Fishing and farming are the major economic activities in San Vicente wherein 29.50% and 25.77% respectively are engaged in it. Rice and coconut are the major agricultural crops and fish products are adequate in the municipality.

San Vicente is predominantly fishing and a farming municipality and now gaining recognition as a center of interest for Tourism. San Vicente can offer a diverse range of attractions for adventure and nature enthusiasts. Roads and other infrastructure support facilities are now on its implementation process through the help of the National Government.

As San Vicente Palawan slowly emerges to become one of the tourism hot spot in the Philippines, the real industry sector becomes dramatically stronger. Many land owners who have more than tens of thousand hectare properties have earned millions of pesos on selling their lots to investors. Beach front properties sell like pancakes in the real estate market.

Many millionaires have ventured into land banking in San Vicente Palawan with its robust potential, earning exponentially from re-selling their acquired properties. Historically, rice field properties were sold at per hectare in 2014. Three years later, an hectare big usually costs , with another increase after the San Vicente Airport started servicing small commercial planes.

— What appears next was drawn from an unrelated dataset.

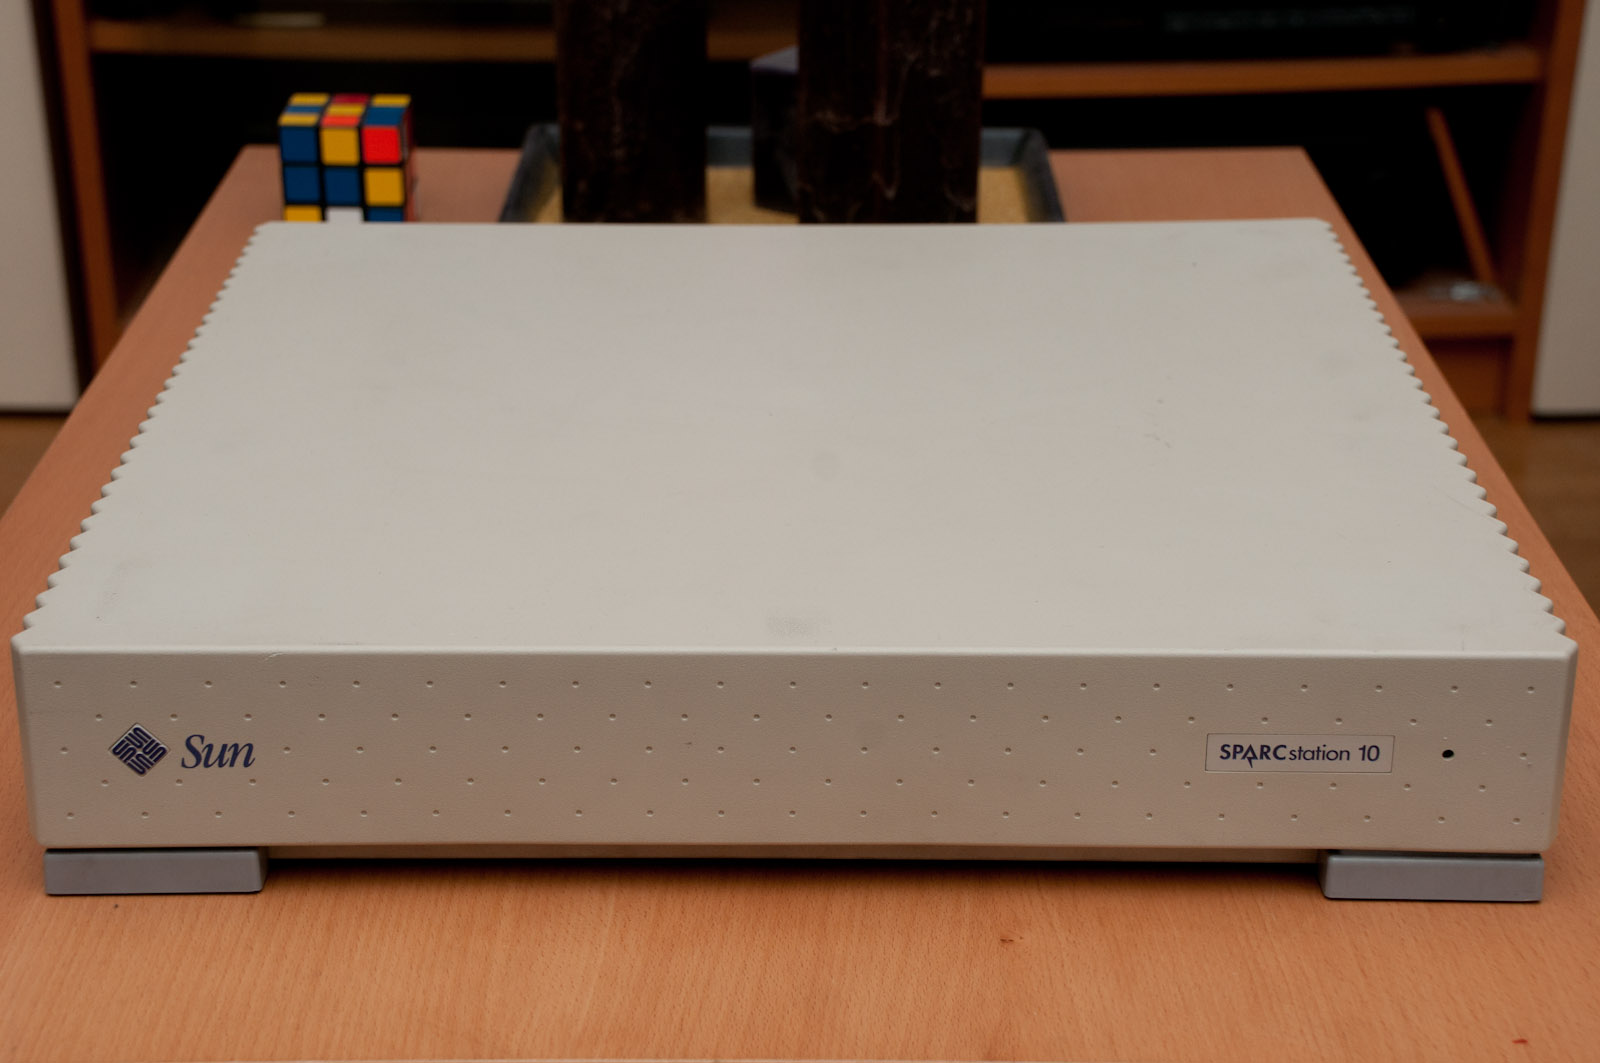 Sun SPARCstation 10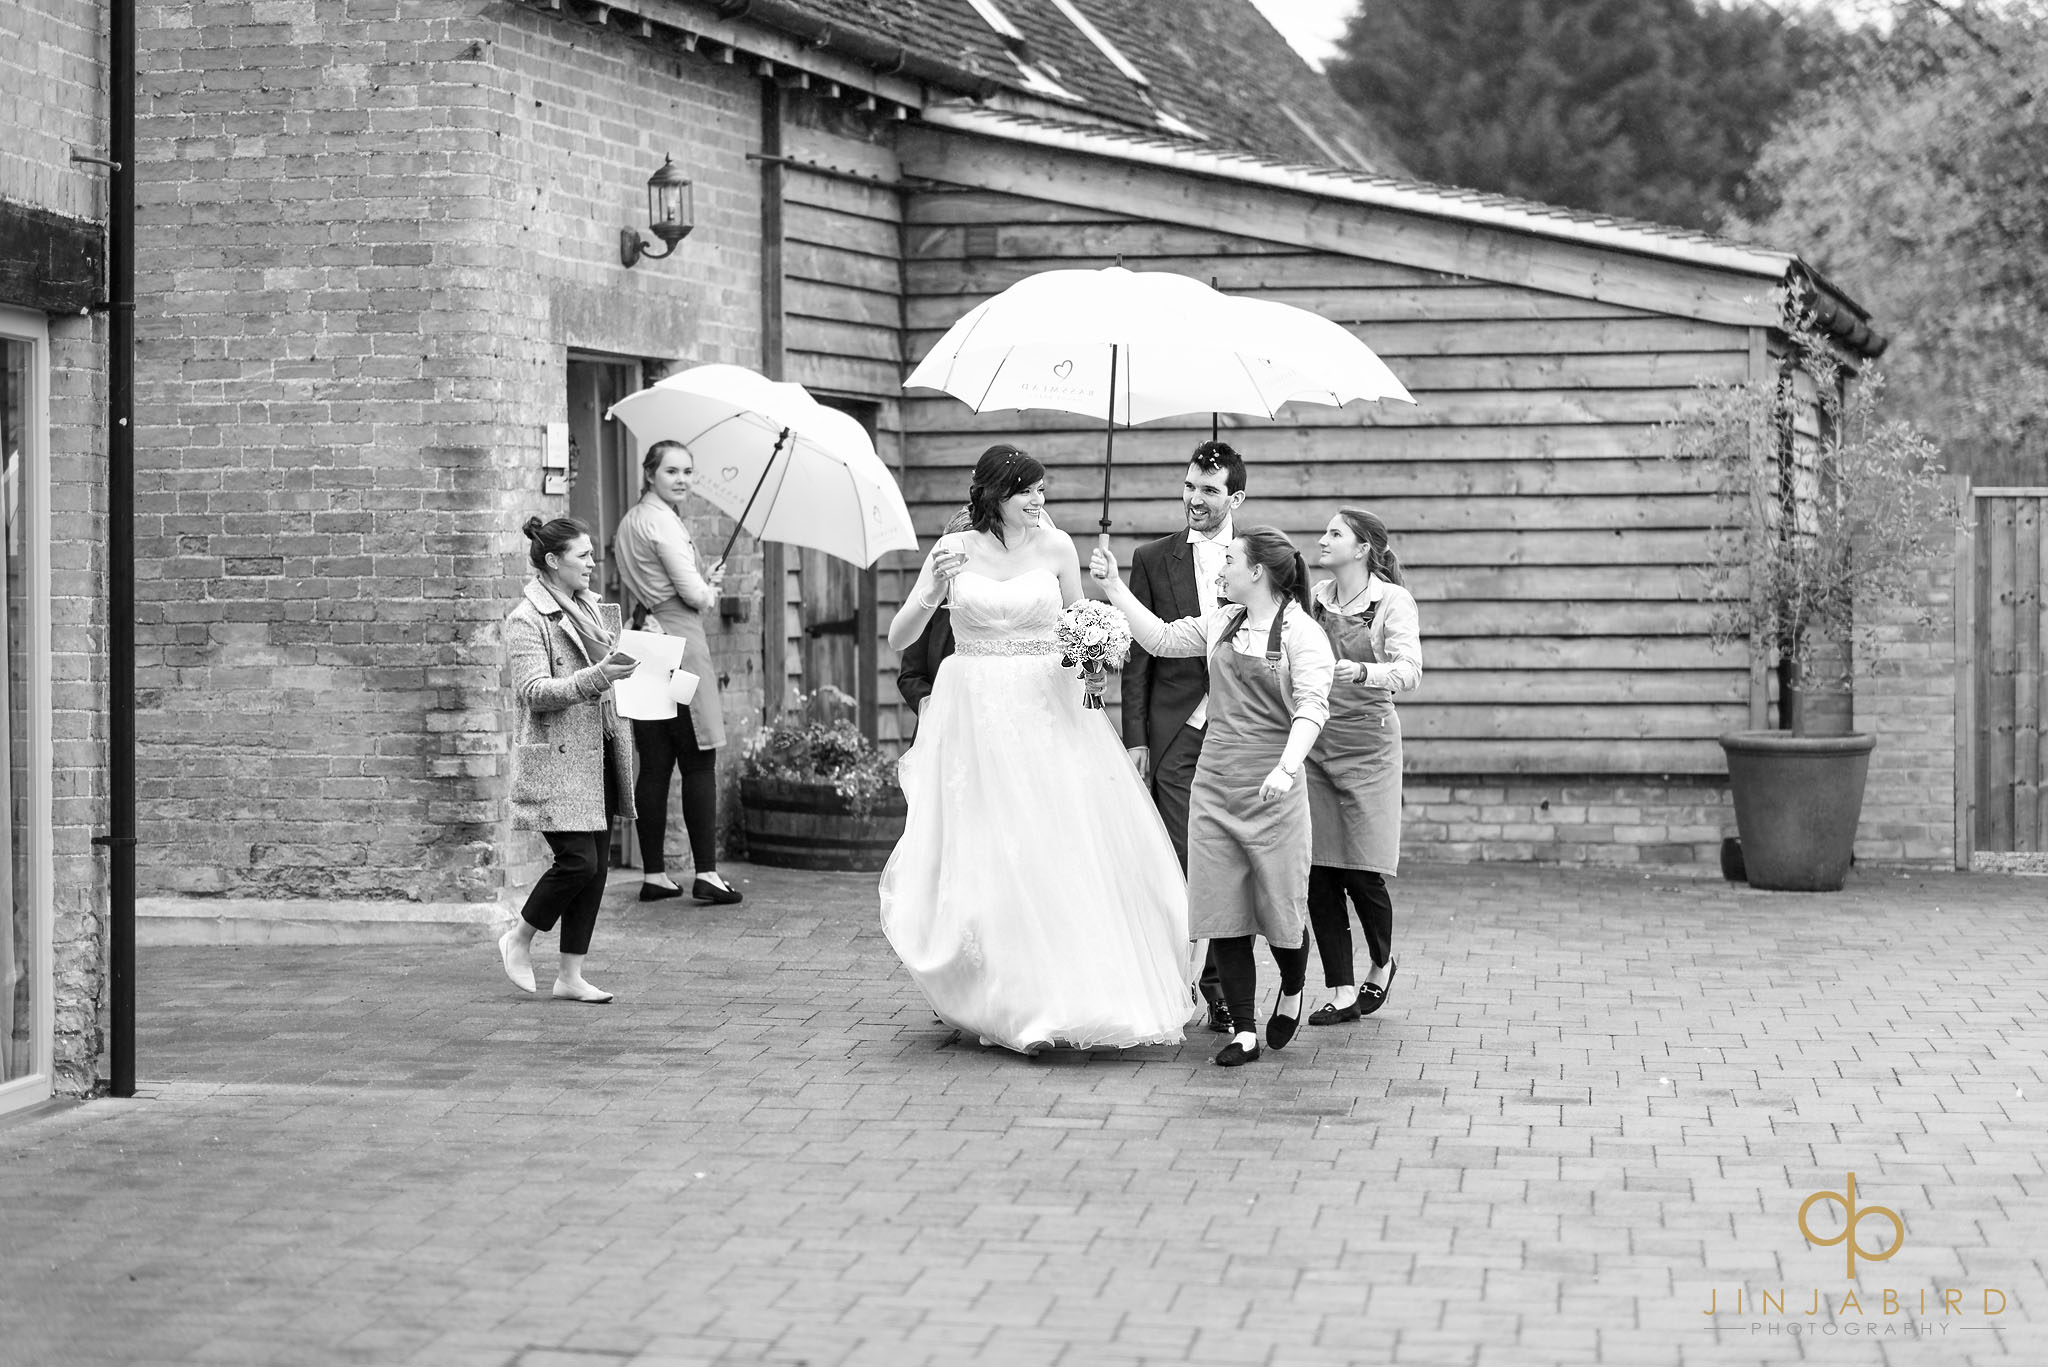 bride and groom walking in rain with umbrellas bassmead manor

===Flagship Tourism Enterprise Zone (Flagship TEZ)===
The introduction of the San Vicente Flagship TEZ was initiated with the marking of a Memorandum of Agreement (MOA) between the TIEZA and the nearby government unit (LGU) of San Vicente in 2013 – a fearless advance of the neighborhood organization to uphold association and set the course into tourism improvement.

To meet the vision proclamation as the Flagship TEZ and to be a model goal, a Tourism Master Plan was defined to coordinate, control and accomplish adjusted formative pushes and methodologies of the LGU towards an independent, socially capable and naturally stable group. The Tourism Master Plan expects to advance and encourage feasible and reasonable improvement in the region.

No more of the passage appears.